Ritengo comunque più grave la questione dei babbi natale. Il Babbo Natale che si arrampica sul balcone è la rappresentazione goffa e scomposta di una icona. Noi, prima di questo scempio modernistico, abbiamo sempre considerato il Babbo Natale come una creatura positiva e sorridente che vola su una slitta trainata da renne, non un ciccione che fa arrampicata sul davanzale come un topo d'appartamento. Se le signore presenti mi consentono

(voce femminile dal fondo) "Certo!
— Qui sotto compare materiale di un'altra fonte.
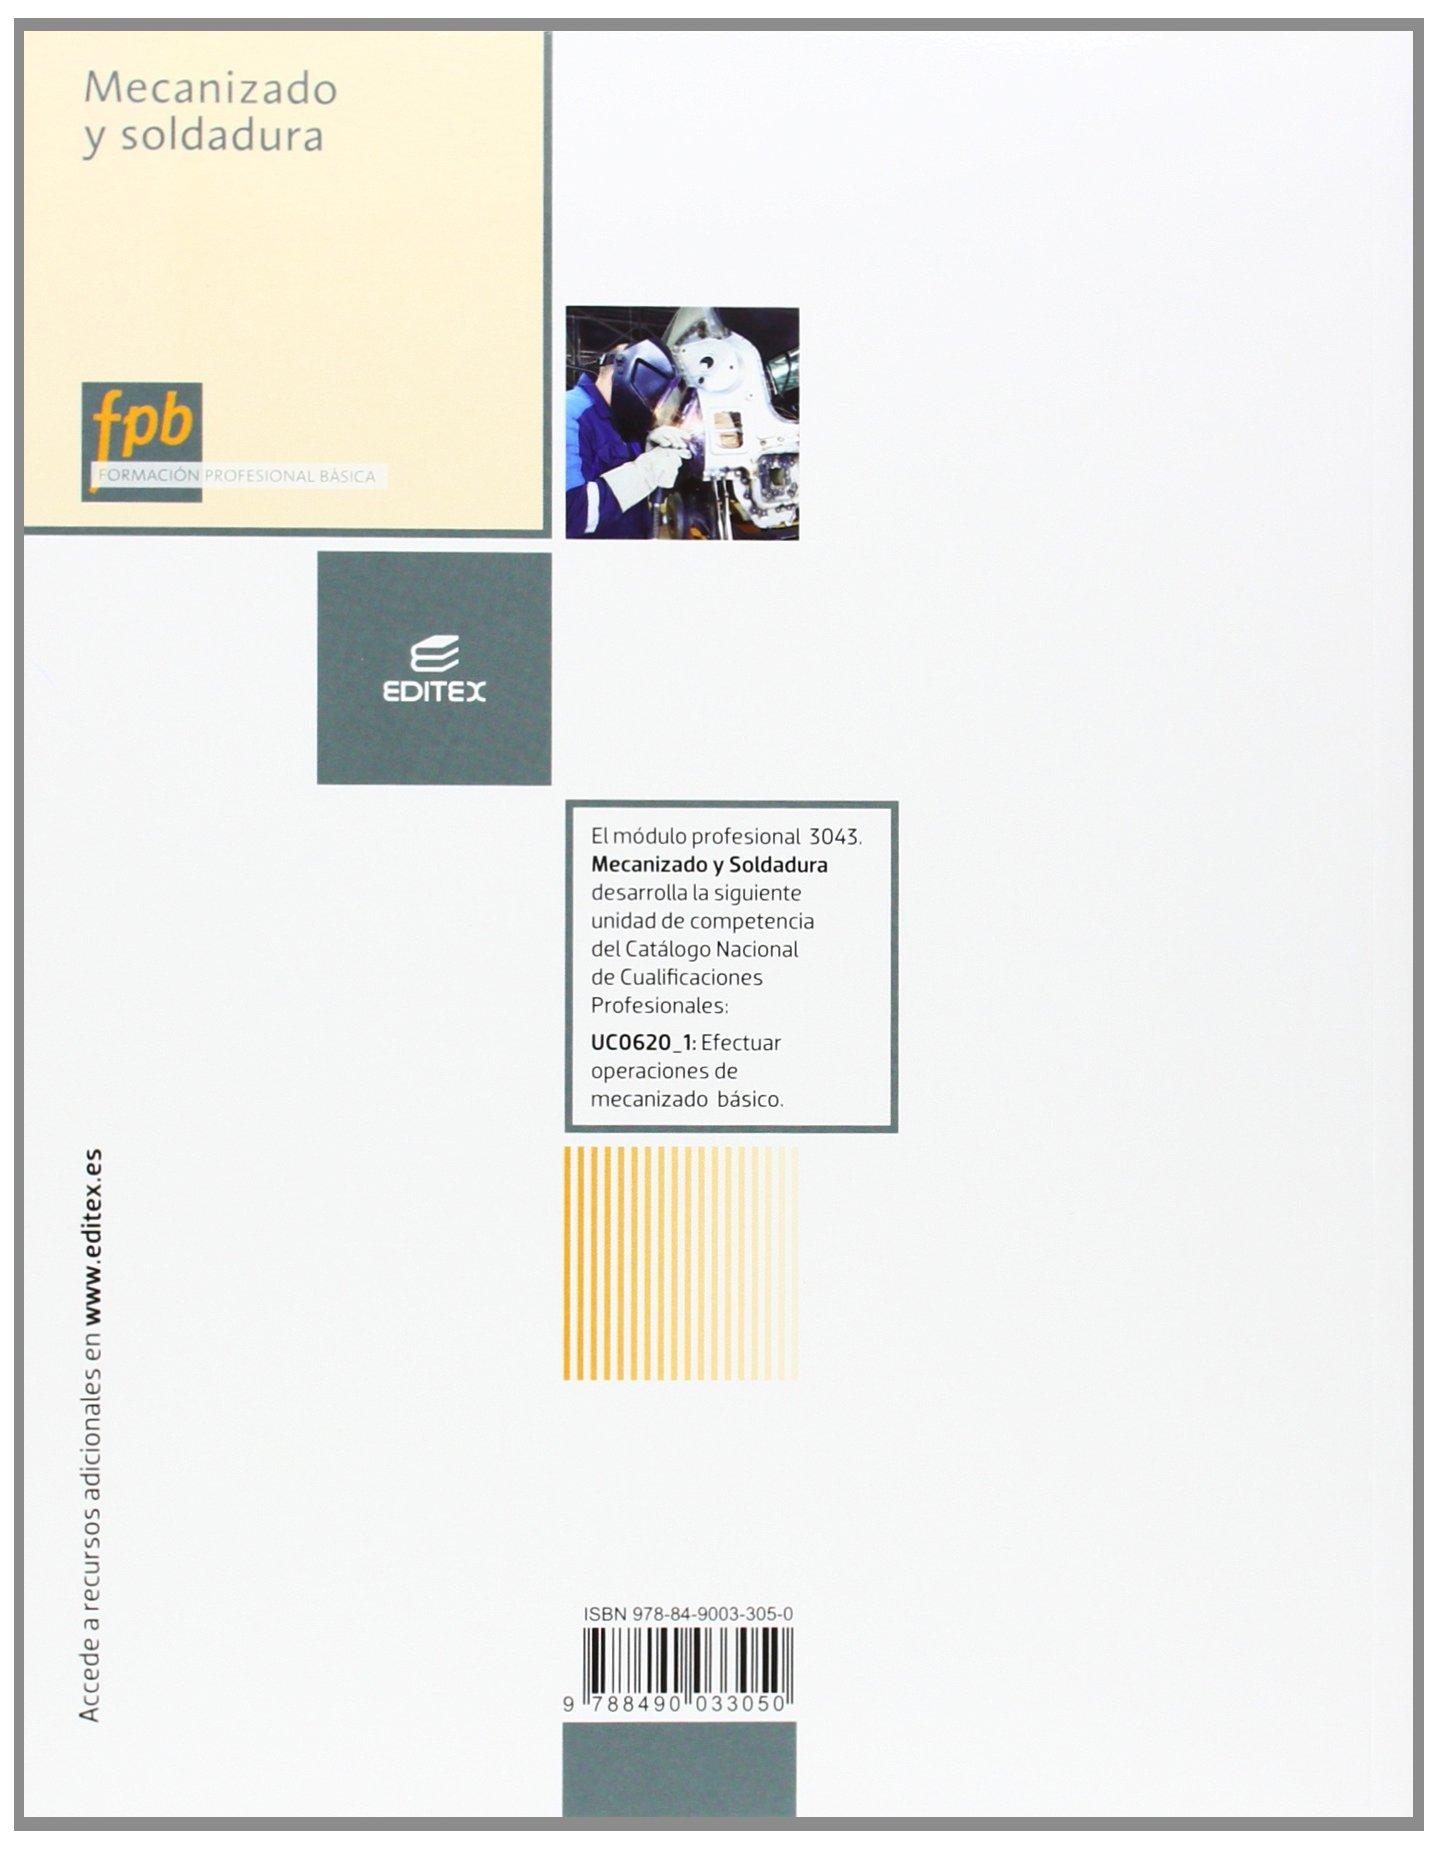 Mecanizado y soldadura (Formación Profesional Básica): Amazon.es: Esteban José Domínguez Soriano, Julián Ferrer Ruiz: Libros
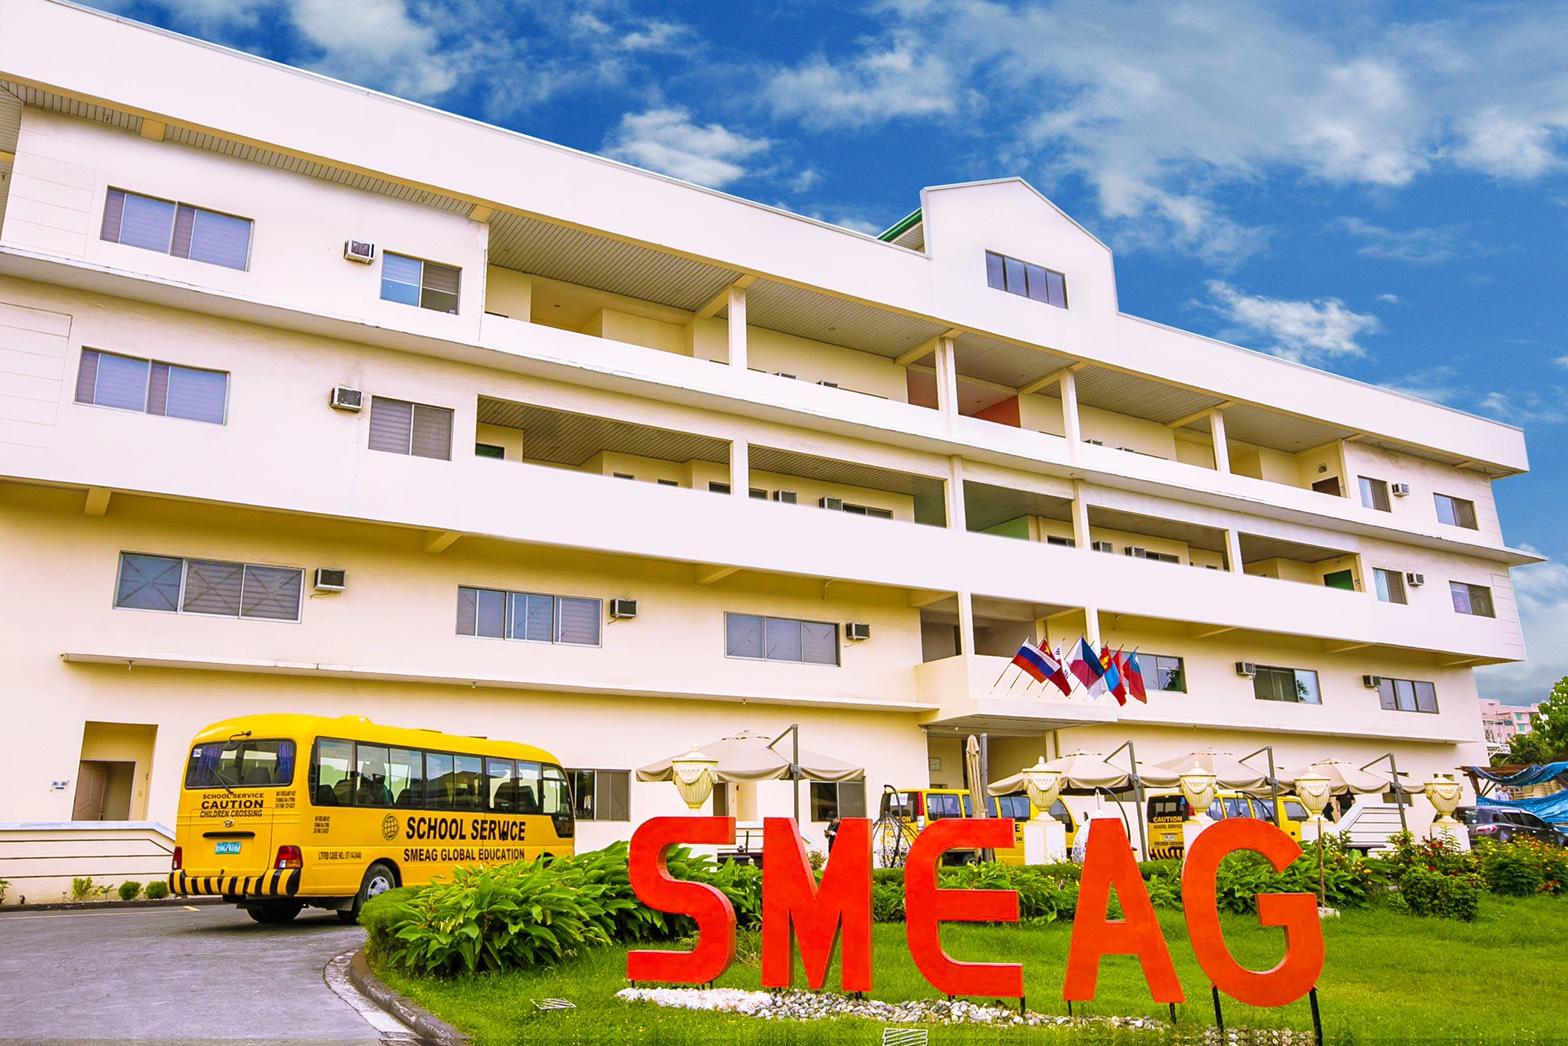 セブ島留学日本人留学実績No.1のSMEAG

Tutto quello che vuole!"

a livello di rappresentazione goffa e volgare di una figura immaginaria, è come se per la vuvuzela

(silenzio)

è come se...

(silenzio)

voglio dire...

(silenzio)

è come se appendessimo al balcone un cartonato raffigurante un giovane africano con una vuvuzela nel culo.

(silenzio)

(plana un reggiseno)

(voce maschile, leggero colpo di tosse) "Cambiando argomento, quanti decibel fa l'urlo della Sharapova?"

103,2. Altre domande?

(voce femminile dal fondo) "Venga a casa mia, la prego, prometto che sto sotto i 100 decibel".

(voce maschile dal centro) "E piantala, cazzo!"

(voce femminile dal fondo) "Vaffanculo! Va bene? Vaf-fan-cu-lo!"

(sedie che si spostano, accenno di rissa)

Bene, se non avete altre domande me ne vado.

(voce maschile) "Prof, chi ha inventato la vuvuzela?"

Non lo so, spero sia all'inferno nel girone degli infami.

(altra voce maschile) "Quanto costa una vuvuzela?"

Dai 20 ai 75 rand, cioè dai 2 ai 7,5 euri.

"Non pensa che questo prezzo estremamente contenuto favorisca il proliferare delle vuvuzelas?"

Può darsi. Sono i problemi della democrazia. Altro?

(altra voce maschile) "Chi vince i Mondiali?"

La Norvegia. Arrivederci.

(silenzio)

(voce maschile) "Ehi, ma non c'è la Norvegia".